Geter-Douglass B, Witkin J M
Drug Development Group, NIDA Addiction Research Center, National Institutes of Health, Baltimore, MD 21224, USA.
Psychopharmacology (Berl). 1997 Sep;133(1):43-50. doi: 10.1007/s002130050369.
Several non-competitive NMDA receptor ion channel blockers, competitive NMDA antagonists and compounds acting at other sites on the NMDA receptor complex were examined for their ability to substitute for the discriminative stimulus effects of dizocilpine. Swiss-Webster mice were trained with food to discriminate the non-competitive NMDA receptor antagonist, dizocilpine (0.17 mg/kg), from saline in a T-maze. Mice rapidly acquired the discrimination with minimal amounts of drugs required for training and testing. Several non-competitive antagonists dose-dependently substituted for dizocilpine with a rank order of potency of dizocilpine > TCP > (-)-MK-801 > SKF 10,047 > dextrorphan > PCP. There was a positive correlation between the potencies of the compounds that substituted for dizocilpine and their previously reported affinities for the [3H]dizocilpine binding site of the NMDA receptor ion channel. Compounds acting at other sites on the NMDA receptor complex, including NMDA, the partial agonist at the strychnine-insensitive glycine site, ACPC, and the polyamine antagonist, ifenprodil, failed to substitute fully. In addition, the AMPA antagonist, NBQX, the monoamine uptake inhibitor, cocaine, and the GABAA receptor agonists, diazepam and phenobarbital, failed to substitute fully for dizocilpine.

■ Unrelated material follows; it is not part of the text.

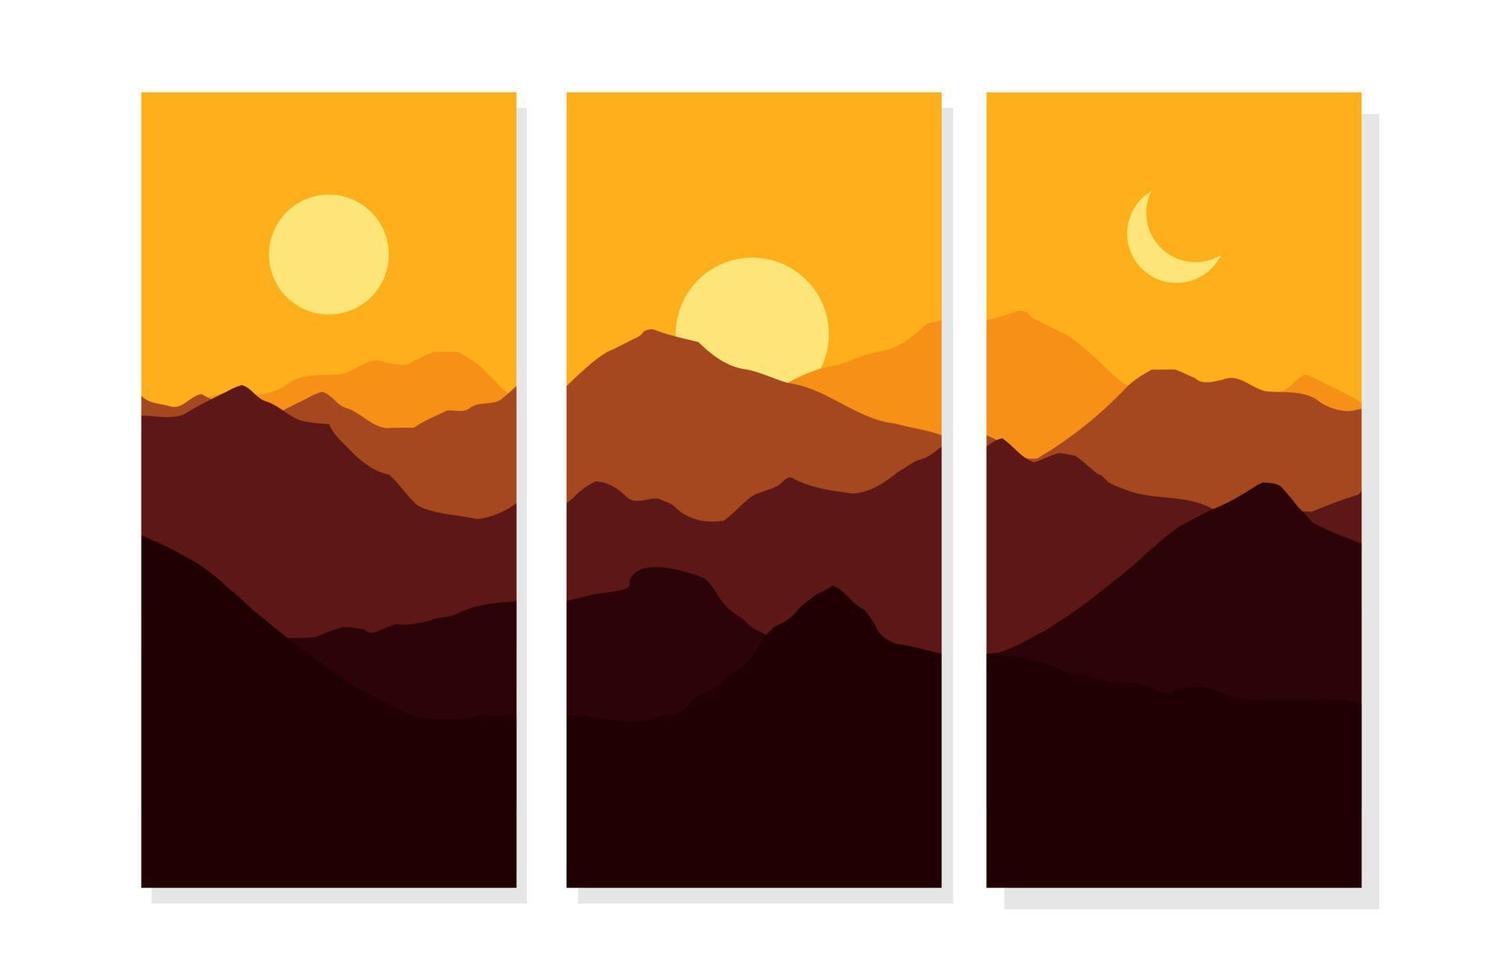 paisagem de dia e noite, paisagem de montanha com lua, sol, design plano de ilustração vetorial vetor
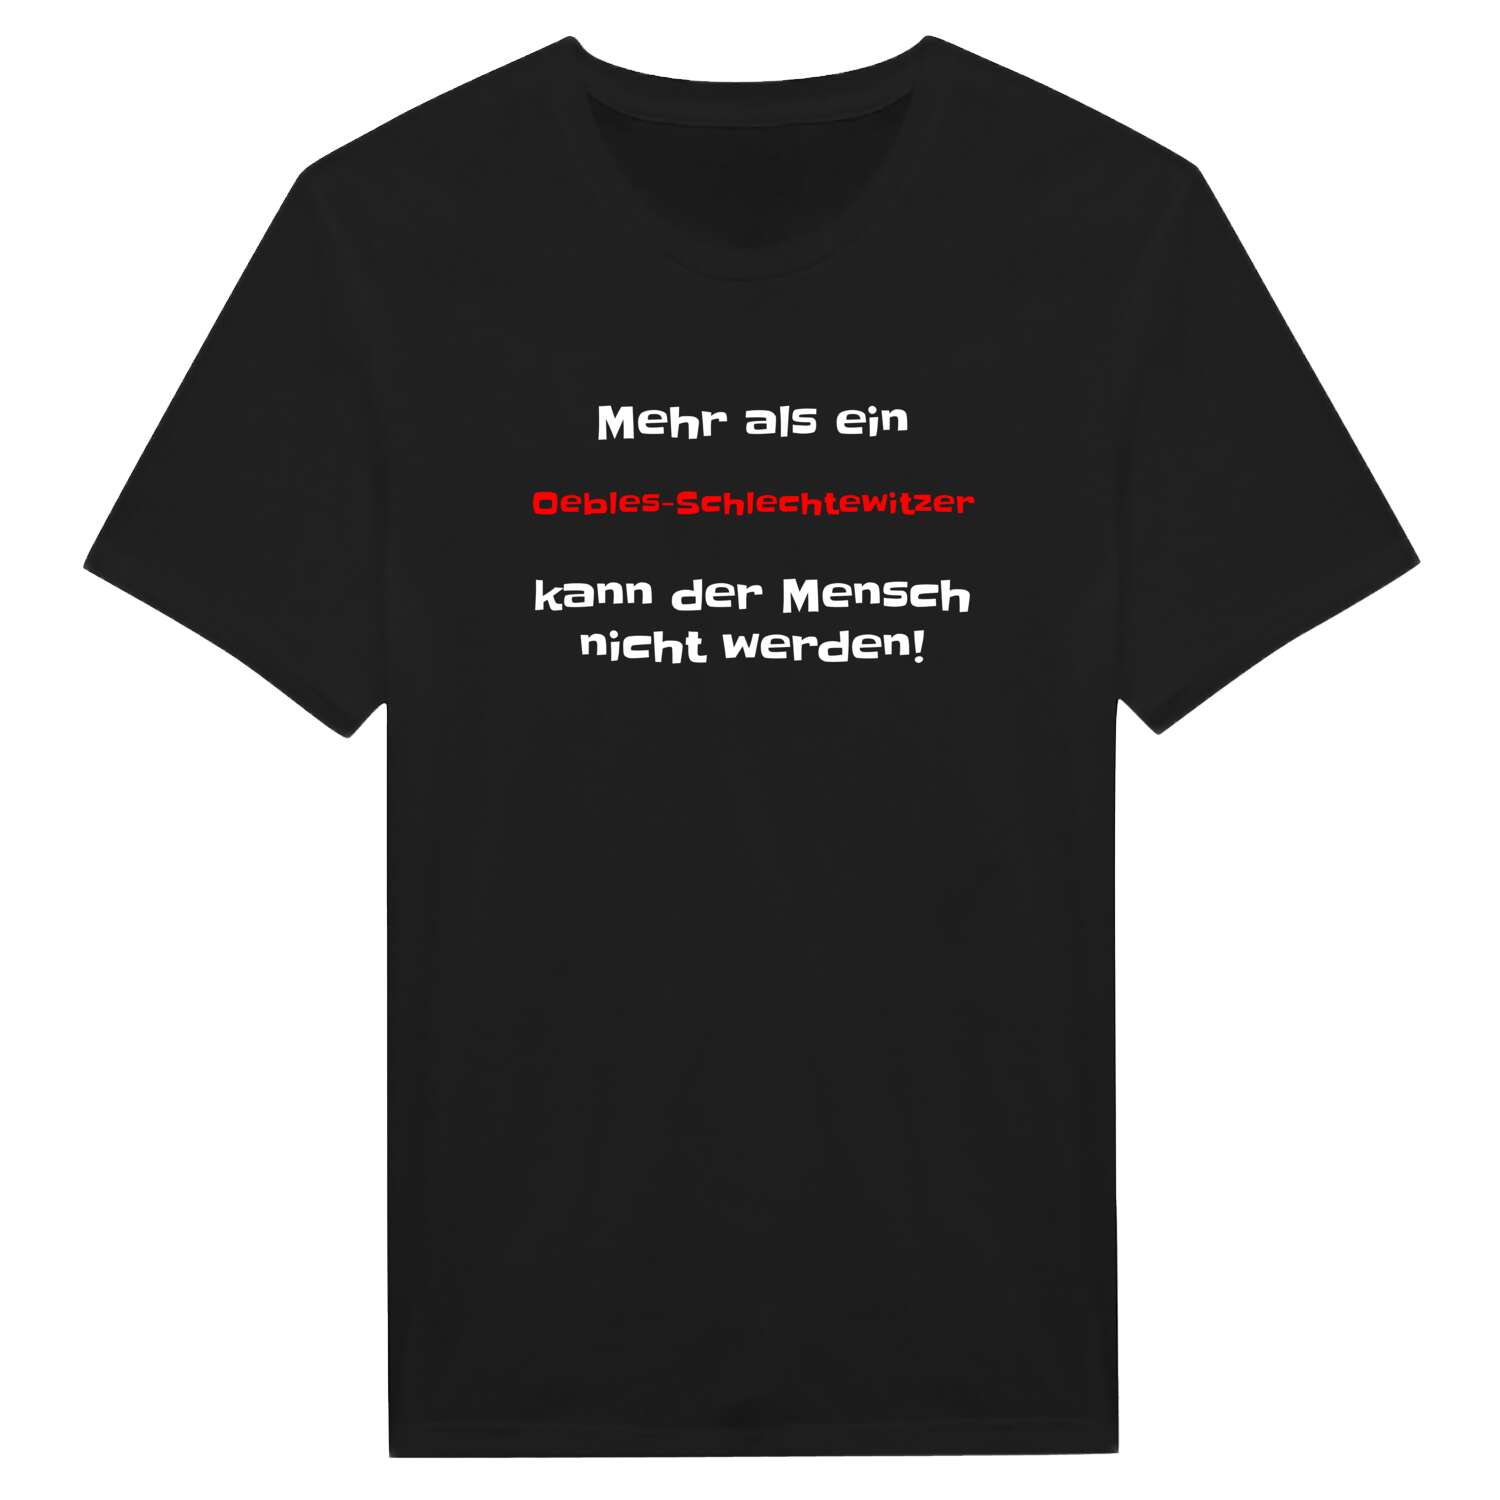 Oebles-Schlechtewitz T-Shirt »Mehr als ein«

However, like the ion channel blockers, the competitive NMDA antagonists, CGS 19755, NPC 17742, (+/-)CPP and LY 233536 dose-dependently substituted for dizocilpine. The competitive antagonist, LY 274614, and its active enantiomer, LY 235959, failed to substitute for dizocilpine, each producing severe disruptions in locomotor activity. That most of the competitive antagonists substituted for dizocilpine is in accordance with other behavioral data (e.g., ataxia, locomotor activity) documenting similarities in the effects of non-competitive and competitive antagonists. These findings are also consistent with results of clinical investigations suggesting overlap in the behavioral and subjective profiles of competitive and non-competitive NMDA blockers.

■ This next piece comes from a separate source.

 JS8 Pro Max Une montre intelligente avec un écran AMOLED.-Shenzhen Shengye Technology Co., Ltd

研究了几种非竞争性N-甲基-D-天冬氨酸(NMDA)受体离子通道阻滞剂、竞争性NMDA拮抗剂以及作用于NMDA受体复合物其他位点的化合物,以考察它们替代地佐环平辨别刺激效应的能力。用食物训练瑞士韦伯斯特小鼠在T型迷宫中区分非竞争性NMDA受体拮抗剂地佐环平(0.17毫克/千克)和生理盐水。小鼠用极少量用于训练和测试的药物就能迅速学会这种辨别。几种非竞争性拮抗剂呈剂量依赖性地替代地佐环平,其效价顺序为地佐环平>TCP>(-)-MK-801>SKF 10,047>右啡烷>苯环己哌啶。替代地佐环平的化合物效价与其先前报道的对NMDA受体离子通道[3H]地佐环平结合位点的亲和力之间存在正相关。作用于NMDA受体复合物其他位点的化合物,包括NMDA、士的宁不敏感甘氨酸位点的部分激动剂ACPC以及多胺拮抗剂ifenprodil,均不能完全替代。此外,α-氨基-3-羟基-5-甲基-4-异恶唑丙酸(AMPA)拮抗剂NBQX、单胺摄取抑制剂可卡因以及γ-氨基丁酸A(GABAA)受体激动剂地西泮和苯巴比妥也不能完全替代地佐环平。然而,与离子通道阻滞剂一样,竞争性NMDA拮抗剂CGS 19755、NPC 17742、(±)-CPP和LY 233536呈剂量依赖性地替代地佐环平。竞争性拮抗剂LY 274614及其活性对映体LY 235959不能替代地佐环平,二者均对运动活动产生严重干扰。大多数竞争性拮抗剂能替代地佐环平,这与其他行为学数据(如共济失调、运动活动)一致,这些数据证明了非竞争性和竞争性拮抗剂效应的相似性。这些发现也与临床研究结果一致,表明竞争性和非竞争性NMDA阻滞剂在行为和主观特征上存在重叠。